As they sat there, rocking a little from side to side, he let himself remember. He let himself remember the days he’d come home from school and somebody had hit him, when someone had made fun of him or he’d screwed up and hurt somebody else, every time when the world had been wrong, and he’d gone to Uncle Gary and the big, loving man had made it right. He replayed those moments as he held Sam, every single time that he could remember.

 

He wondered if he had done what Sam did too. He wished he had, but he couldn’t quite tell. He hadn’t done as neat a job of things, that was for sure. There had been a lot of rough spots, and a lot of mistakes. His life had been a lot harder without his uncle, that much he knew. He did okay, though, in the end, he thought. He liked who he was. He liked who he’d become, overall.

 

But while he sat there, while he rocked Sam and wandered down memory lane, because he could, he wrote in a few more memories too. The times when he’d been older and wished for Gary—it hurt to do it, but he was already a fucking mess, he was already so fucking exposed, how could it get worse? So he wrote them in, as if his life were a movie he could fix in the editing room. He pretended that Gary hadn’t been killed. He pretended that Gary had explained sex to him, had told him how to not make it hurt.

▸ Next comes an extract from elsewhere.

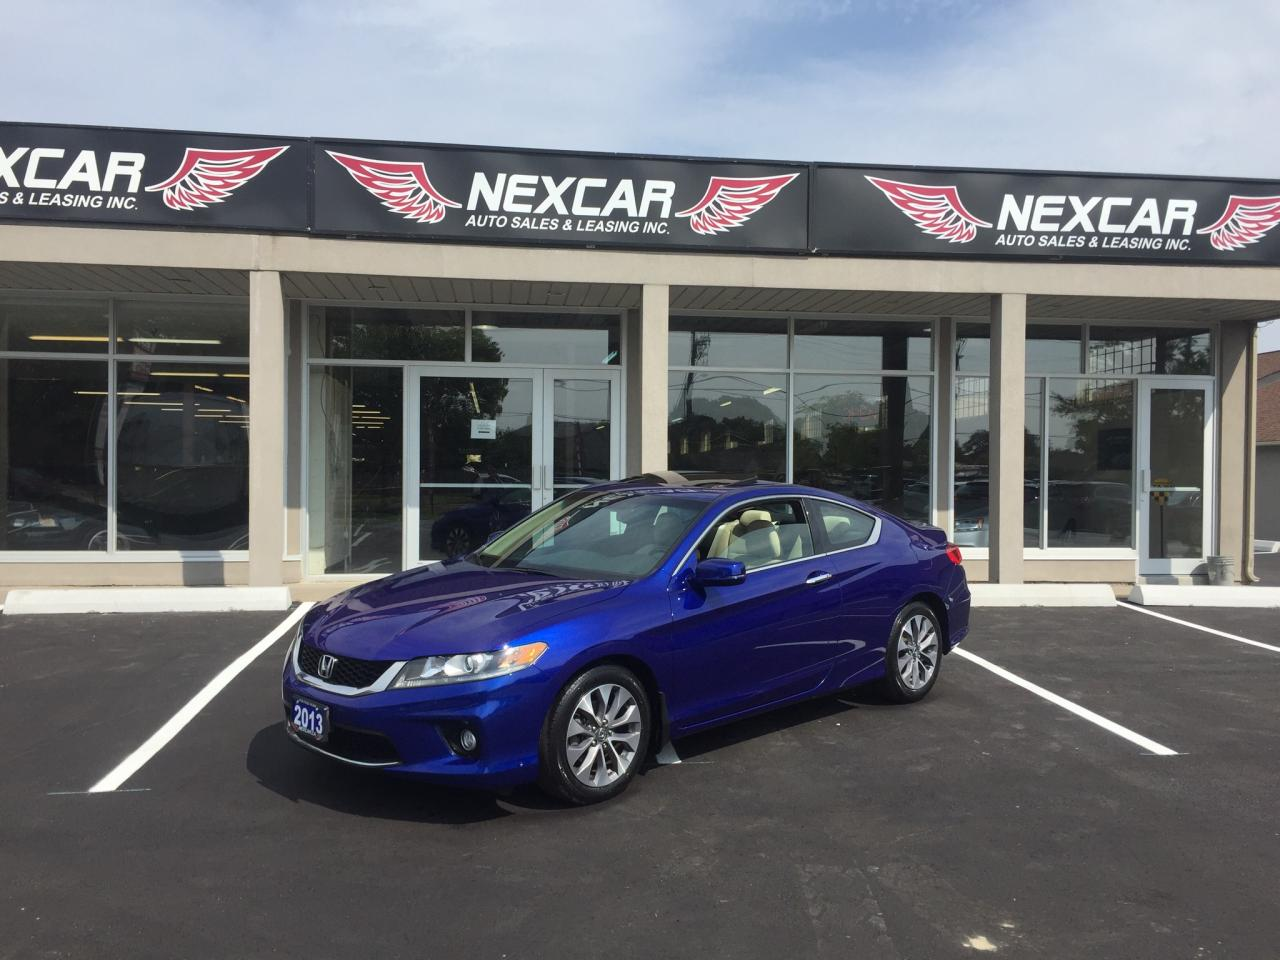 Photo of Blue 2013 Honda Accord
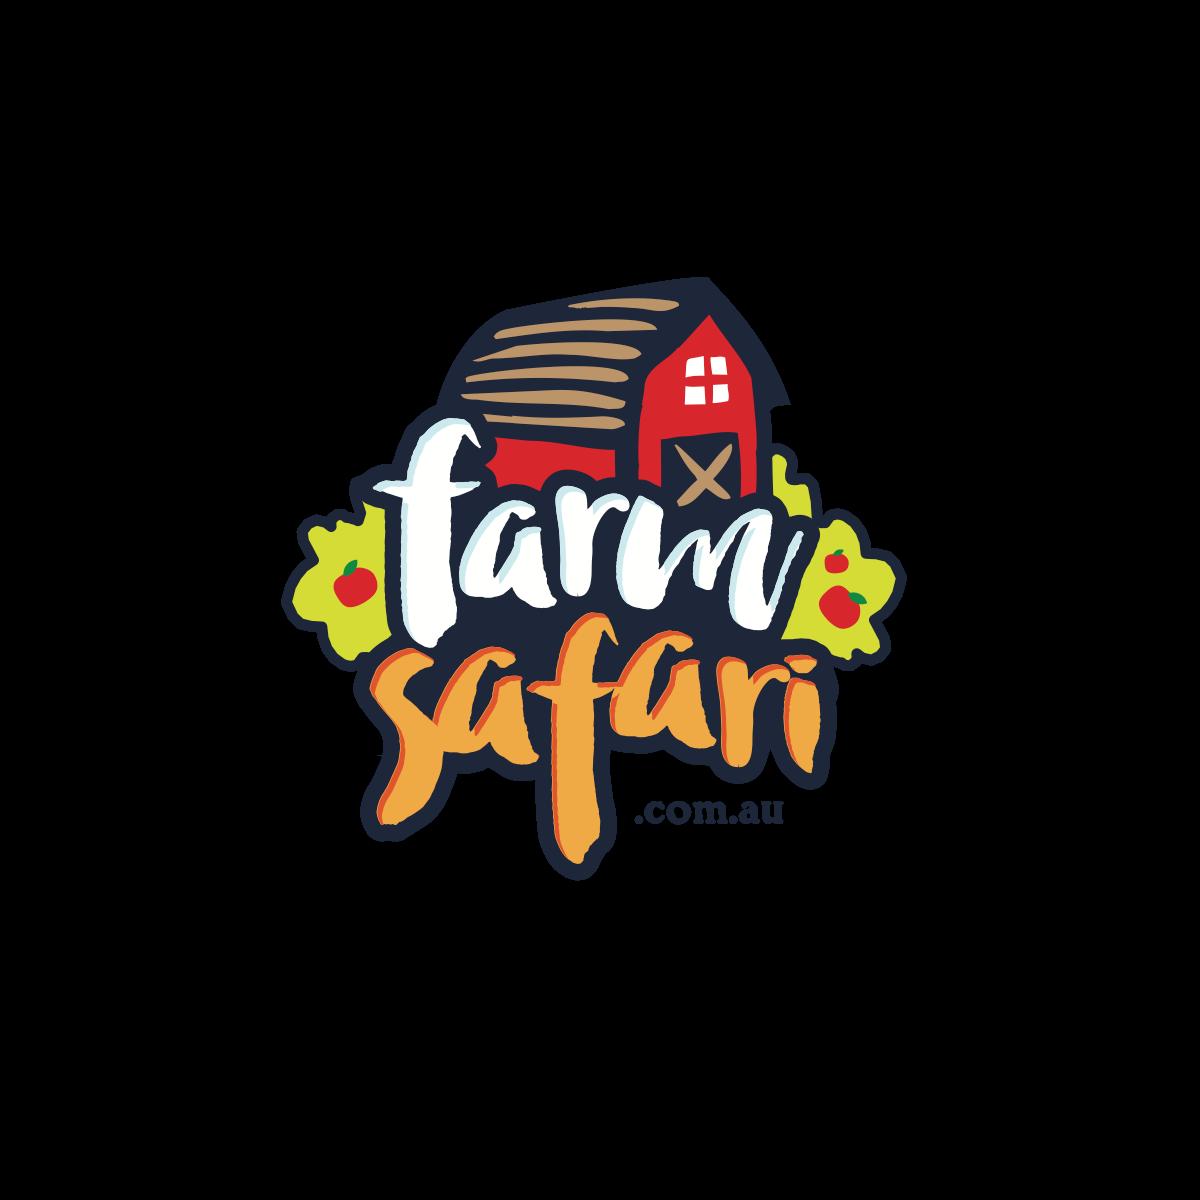 FarmSafari.com.au

He pretended that Gary had told him that first fuckwad he let have him was an asshole and not to give himself away so cheaply.

 

He pretended Gary had been there to take him in when his dad kicked him out, that he hadn’t had to run away and sell himself. Not that he was all broken up about that, because it had worked out okay, and it had made him tough and smart and lean—but he pretended for a minute that he hadn’t had to do it. He pretended that he’d finished school and gone to college and taken science and math classes like Gary had told him he should. He pretended. He didn’t know how to pretend after that, because it would have been a really fucking different life, and he didn’t know if it would have been better or just different. But he played those parts that he knew damn well had been bad over, and made them better. It hurt—for a minute. Okay. For a few minutes.